[Stoves] Alternative to charcoal

Paal Wendelbo paaw at online.no
Tue Apr 9 04:27:30 CDT 2013


Dear stovers

Wood or charcoal, the eternal discussion at the List; I don’t know if it possible to bring something new to the discussion but I will try.  My experience is from forest in Norway and Africa, not in Canada. About 200 years ago we changed from open fire to cast iron stoves for cooking and heating and 80 years ago, when I was a child some still used open fire connected to chimney for cooking and heating in the rural arias; today there is about 50% more forest in Norway than for 100 years ago caused partly by less use of wood for cooking/ heating and partly from change of grazing animals. When I was in Africa 1984 to 2000 the forest was shrinking due to charcoal production, need of building materials and need of arable land. In Zambia with a population of 13m recently they had about 2m charcoal stoves each using 2.7 kg charcoal average every day. About 15% of adult people were in one or another way involved into the charcoal business. 

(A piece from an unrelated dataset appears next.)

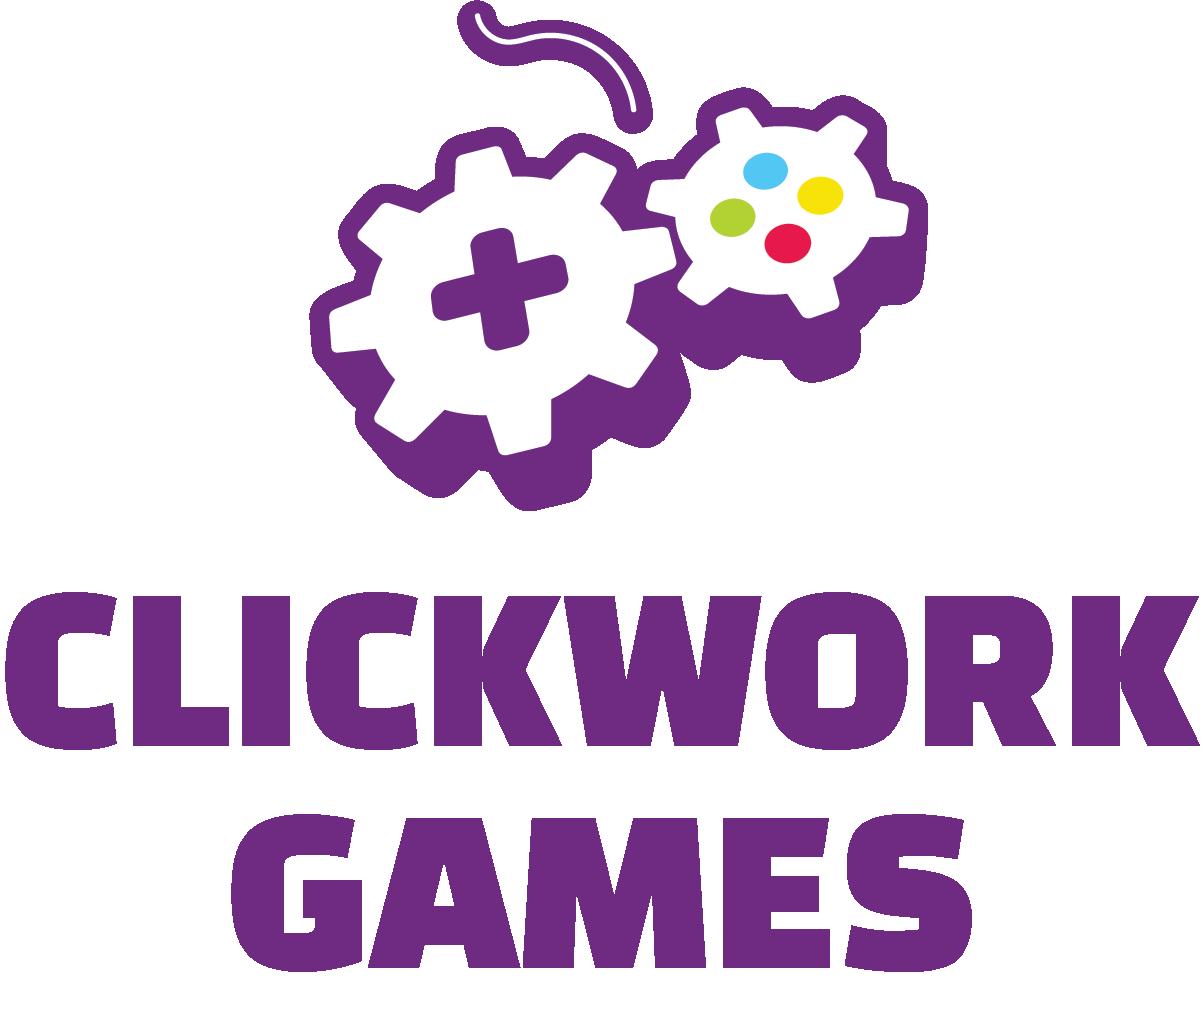 Clickwork Games

To produce 2,7 kg charcoal you need about 10-12 kg firewood, depending on the kiln. 10 kg of wood like pellets or woodchips into a TLUD will give 10 to 15 hours of cooking on the energy generally by charcoal cooking, left in the air around the kiln and in addition giving 2.5 kg biochar. If you change the wood from the forest with pelletized agriculture, forestry and milling waste and combustible waste from household, marked places, and industry, you save quite a lot of forest, and if the charcoal business with their decentralized infrastructure; change from charcoal to pellets and chopped waste wood, they will not lose their jobs. They will also create new jobs, which are extremely needed.

With regards Paal W


From: Crispin Pemberton-Pigott 
Sent: Tuesday, April 09, 2013 7:18 AM
To: 'Discussion of biomass cooking stoves' 
Subject: Re: [Stoves] Alternative to charcoal

Dear Jock

 

>The numbers I have for wood pellets suggest around 8,000 BTUs per pound. 

 

There is a pretty comprehensive list of heat values at the back of a WBT spreadsheet. 12,000 would be a a bit about right for charcoal. The heat value of char produced in a TLUD or a fire has not been very well studied. Jim Jetter’s Aug 2012 paper has some values.

 

The heat value of wood is only what people are going to get from it, not what it would be if it were dried (which also applies to charcoal).

 

I am in Central Java at the moment and the charcoal in the lab has been sitting around for a while. The average moisture content is 8.8% according the lab lady Julianna. The heat content is 26.7 MJ/kg which is slightly below the 12,000 BTU mark.

 

The local wood even after months of drying is about 15-16% moisture. With a heat content of about 19.2 MJ/kg dry at 16% it is 15.7 MJ/kg. Lots of woods have a lower heat value than that and many people use damp wood – no doubt about it. It bubbles and dribbles continuously.  So the reality is that what people put into their stoves is often below ½ the heat value of charcoal per kg. Further, the char produced by a TLUD is expected to be 0% moisture if it is used within a day or so it will pay to keep an eye on what exactly is being claimed. Fresh charcoal has a very low moisture level. Most fuelwood does not. That is the comparison I am thinking of. A direct comparison between the average fuelwood as used and locally made charcoal as used is ≈15.5 v.s. 29.5 MJ/kg.

 

If I put 1 kg of 15% moisture wattle (15.9 MJ/kg) into a TLUD stove and create 20% char (20% of the moist mass) the net heat provided by the fire is 10 MJ/kg. The heat available from the char is still 29.5 so the total is the difference the bit between: 15.9-10 = 5.9 MJ.

 

If someone wants to switch from wood fuel to a ‘cleaner’ TLUD and that TLUD is not 1.5 times as efficient in transferring heat, their raw fuel consumption will increase.